Other key findings from this survey of 4,594 U.S. adults conducted May 29-June 11, 2018, include:
- Public attitudes toward algorithmic decision-making can vary by factors related to race and ethnicity. Just 25% of whites think the personal finance score concept would be fair to consumers, but that share rises to 45% among blacks. By the same token, 61% of blacks think the criminal risk score concept is not fair to people up for parole, but that share falls to 49% among whites.

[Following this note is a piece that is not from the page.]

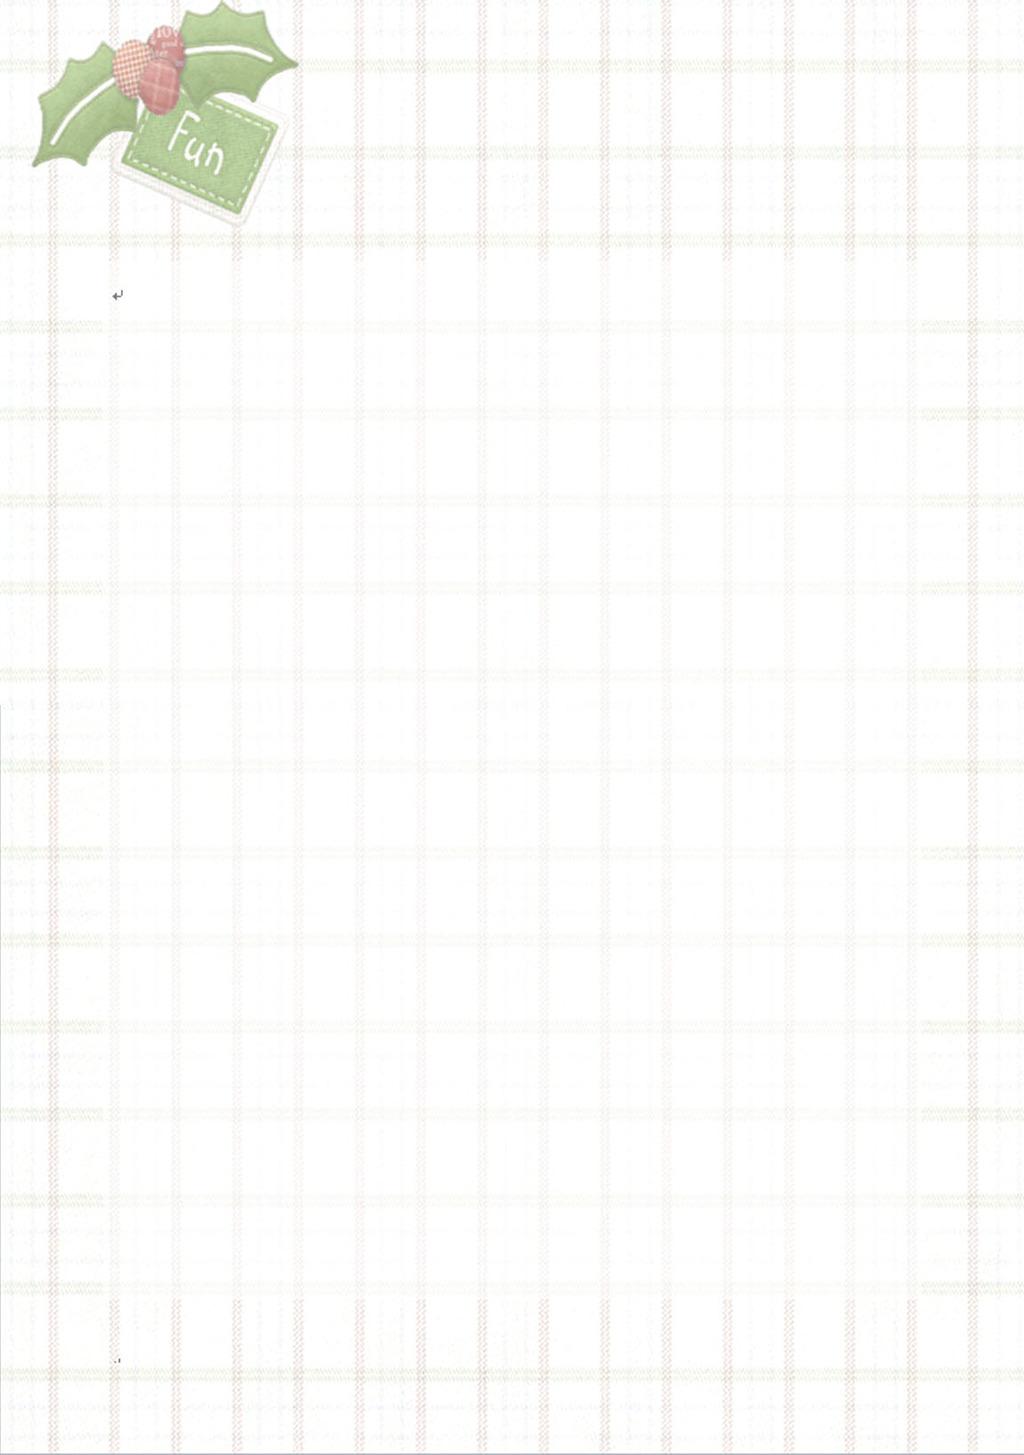 格子布信纸模板模板下载(图片编号:12226016)

- Roughly three-quarters of the public (74%) thinks the content people post on social media is not reflective of how society more broadly feels about important issues – although 25% think that social media does paint an accurate portrait of society.
- Younger adults are twice as likely to say they frequently see content on social media that makes them feel amused (54%) as they are content that makes them feel angry (27%). But users ages 65 and older encounter these two types of content with more comparable frequency. The survey finds that 30% of older users frequently see content on social media that makes them feel amused, while 24% frequently see content that makes them feel angry.